With much of Saddam Hussein's palace complexes shrouded behind stone walls, few knew much about the facilities inside. The Flintstone House received notoriety with US soldiers due to its unique appearance and was thus named since little else was known about the facility prior to the US occupation of the site. The facility is best described as an elaborate playhouse for children, in its prime having running water, operable kitchen and elevators. The name "Flintstone" conveys a comparison to the animated sitcom The Flintstones, due to the facilities Stone-Age appearance.

=== Camp Striker ===
Camp Striker was one of several logistical and life support bases within the Victory Base Complex, Baghdad, Iraq (near Camp Victory). Amenities on Camp Striker include a Burger King, Pizza Hut and Green Beans Coffee Cafe, as well as an AAFES Base exchange and several third-party markets. The Dining Facility (DFAC) was purported to be the second largest in Iraq. In November 2007, the 1.2-mile main road on Striker was paved.

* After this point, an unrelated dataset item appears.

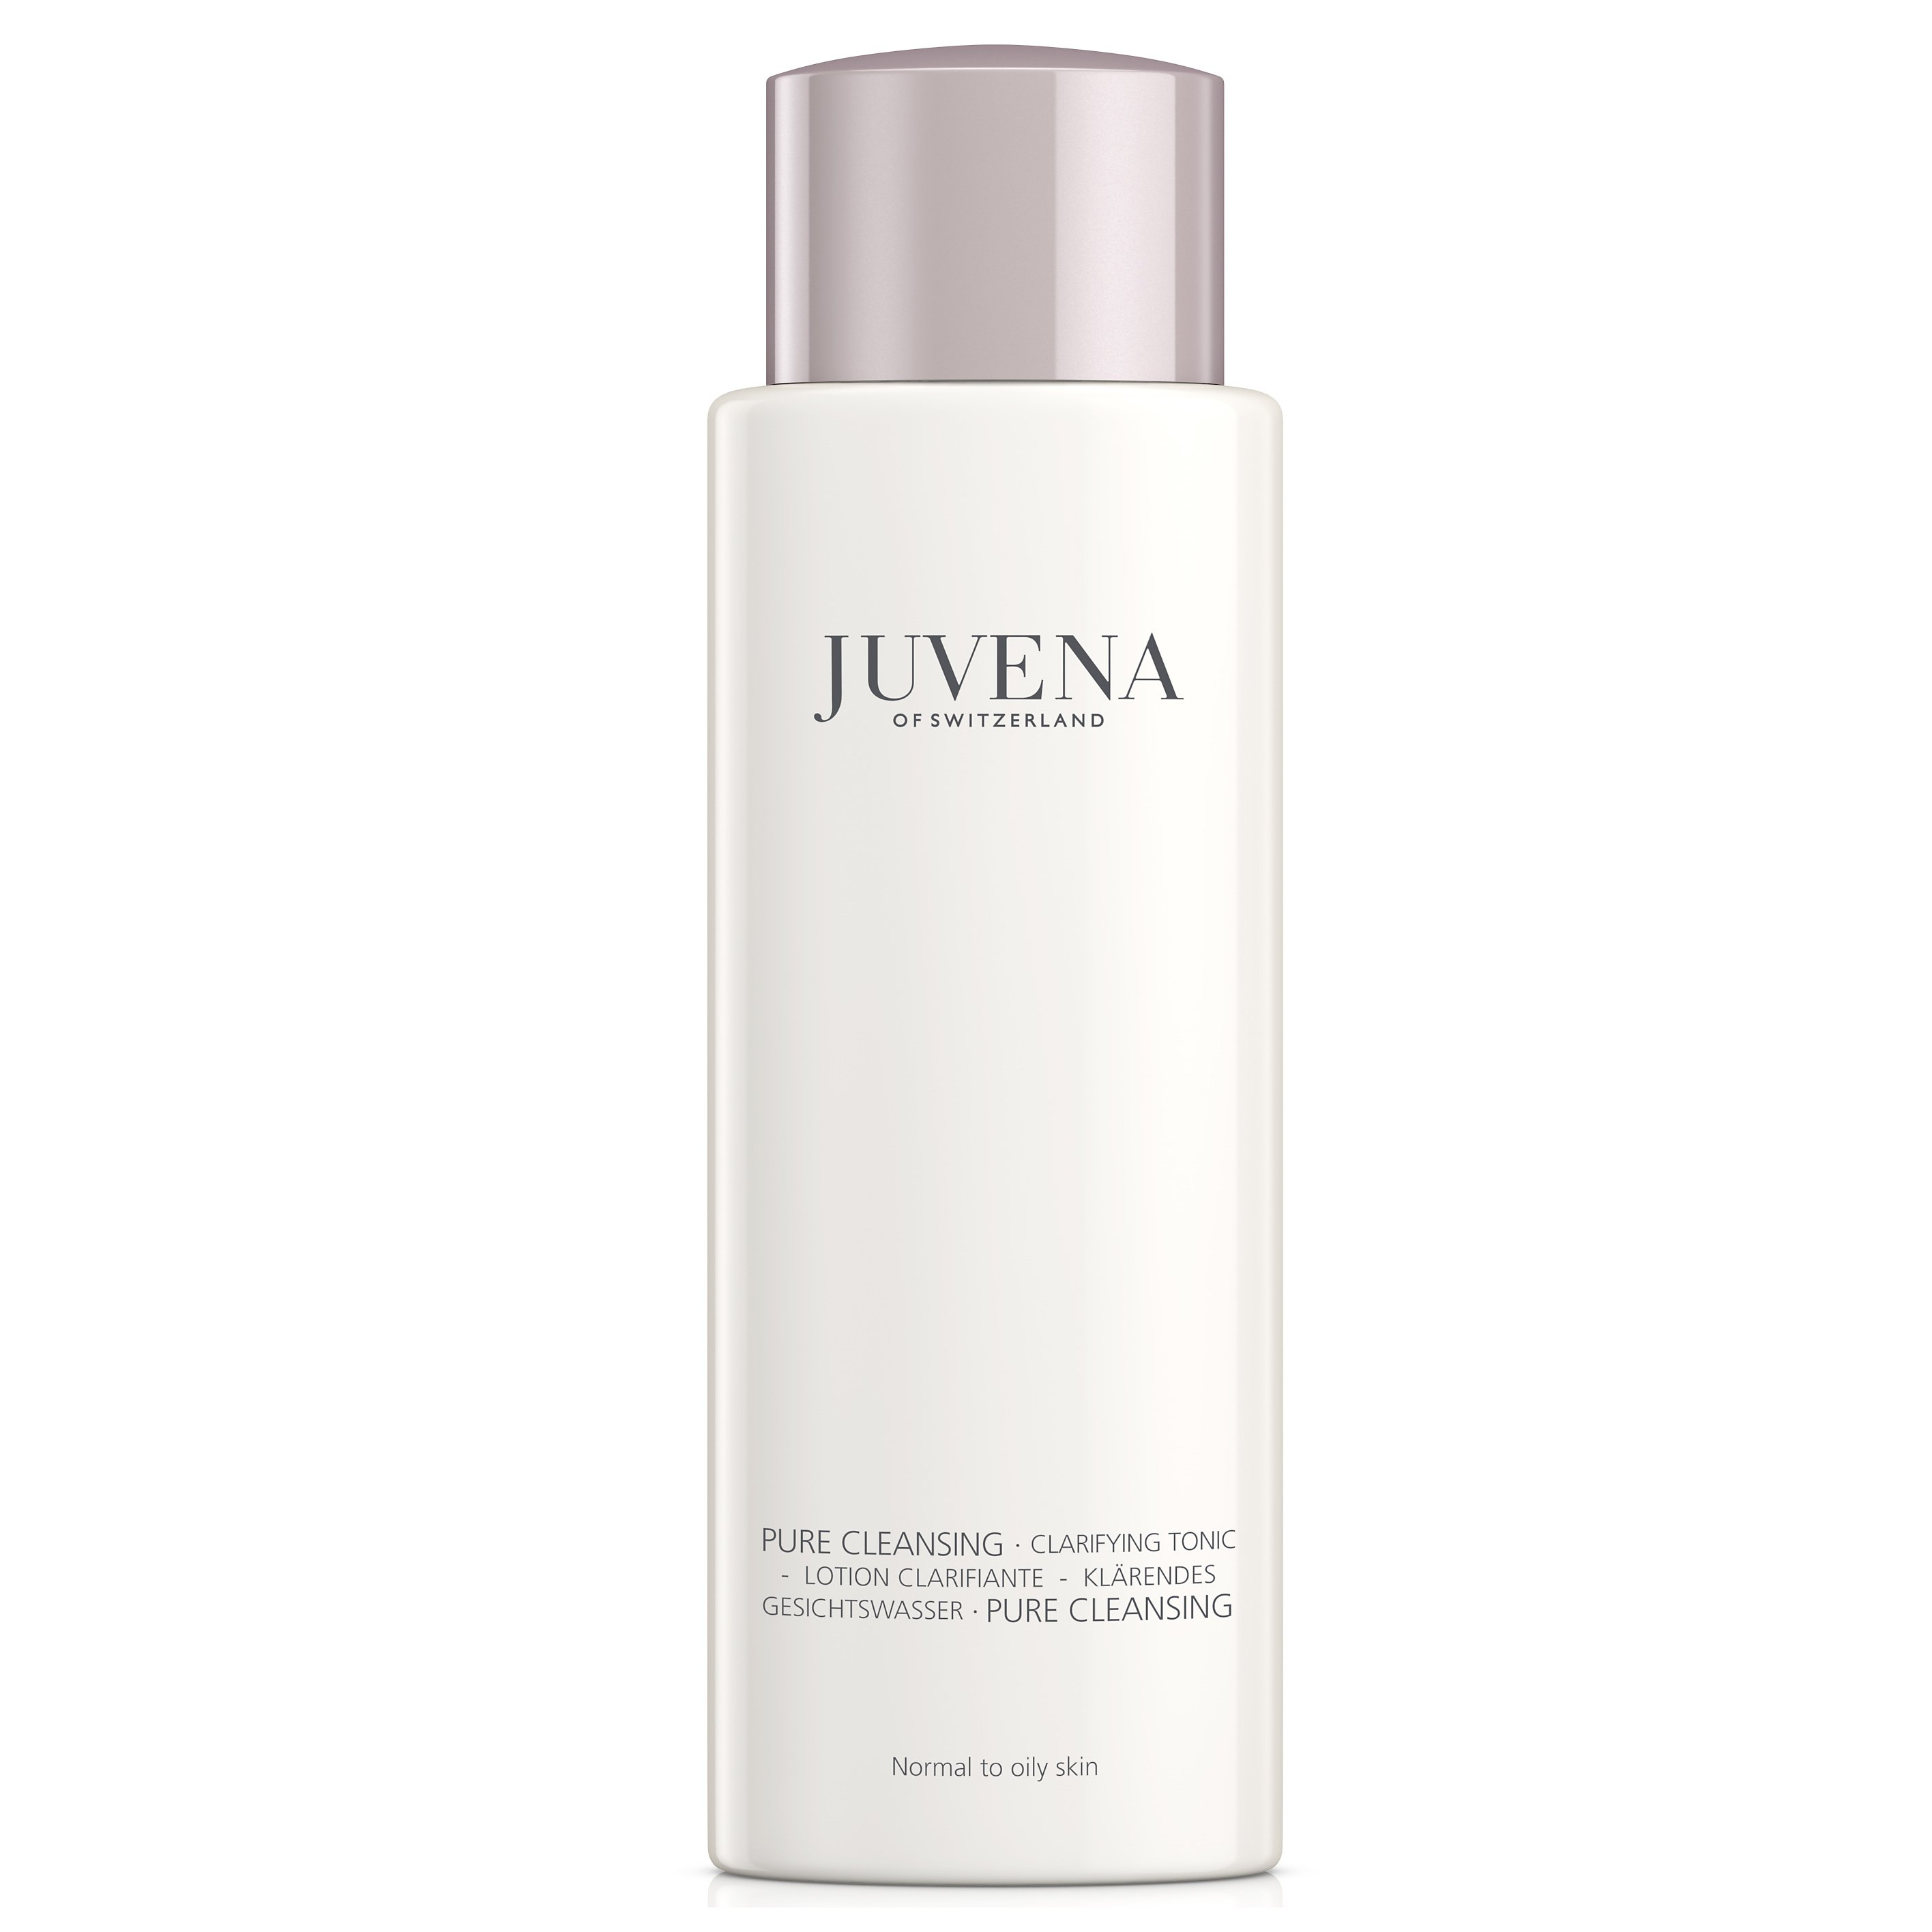 Juvena Pure Cleansing Clarifying Tonic Αναζωογονητική Λοσιόν Προσώπου,Booster Φρεσκάδας & Δροσιάς στις Λιπαρές Επιδερμίδες 200ml
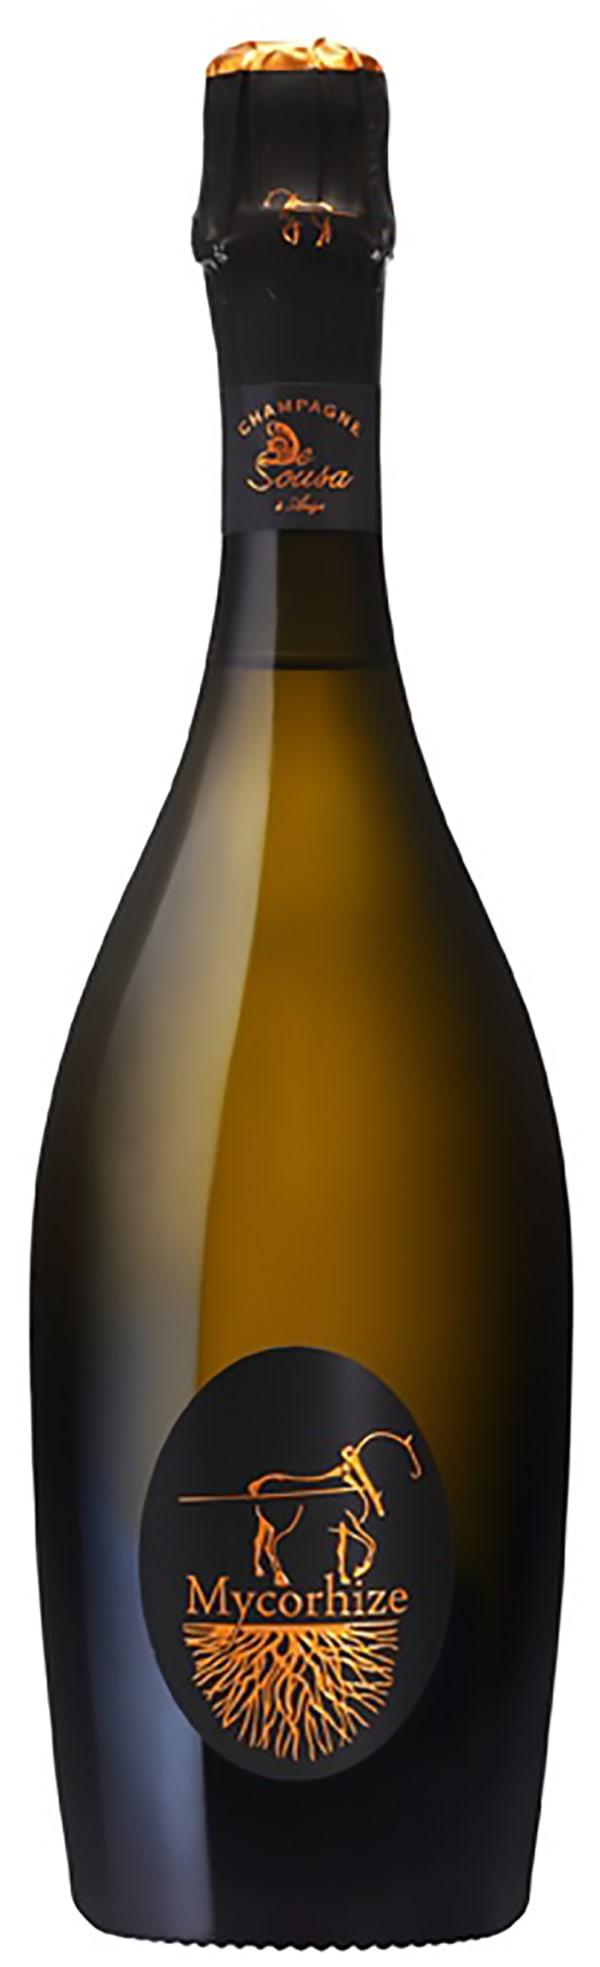 De Sousa Mycorhize Grand Cru Champagne Extra Brut

Camp Striker was established in 2003 by the 2nd Brigade, 1st Armored Division (United States), known as the "Strike Hard" Brigade. Members of the brigade are referred to as "Strikers". Although the spelling of the camp has been at times spelled as "Stryker" (as in the armored vehicle), the spelling was officially fixed as "Striker" in January 2009 by order of the Victory Base Complex garrison commander.

=== Camp Victory ===

The camp contained the Al-Faw Palace, which served as the headquarters for the Multi-National Corps – Iraq and later United States Forces – Iraq.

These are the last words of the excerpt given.